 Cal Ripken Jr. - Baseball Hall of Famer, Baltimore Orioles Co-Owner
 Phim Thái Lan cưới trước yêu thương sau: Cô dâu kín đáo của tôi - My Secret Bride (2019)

---

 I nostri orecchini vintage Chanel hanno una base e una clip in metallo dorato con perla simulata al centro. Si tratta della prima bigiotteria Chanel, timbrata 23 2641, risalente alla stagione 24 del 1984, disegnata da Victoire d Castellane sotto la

---

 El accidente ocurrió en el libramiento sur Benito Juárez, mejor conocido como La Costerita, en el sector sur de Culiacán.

---

Would you print exactly, and only, the lines of the data above from the line with "Cal Ripken Jr." through the line with "Phim Thái Lan", inclusive?

#### [TASK RESULT]
 Cal Ripken Jr. - Baseball Hall of Famer, Baltimore Orioles Co-Owner
 Phim Thái Lan cưới trước yêu thương sau: Cô dâu kín đáo của tôi - My Secret Bride (2019)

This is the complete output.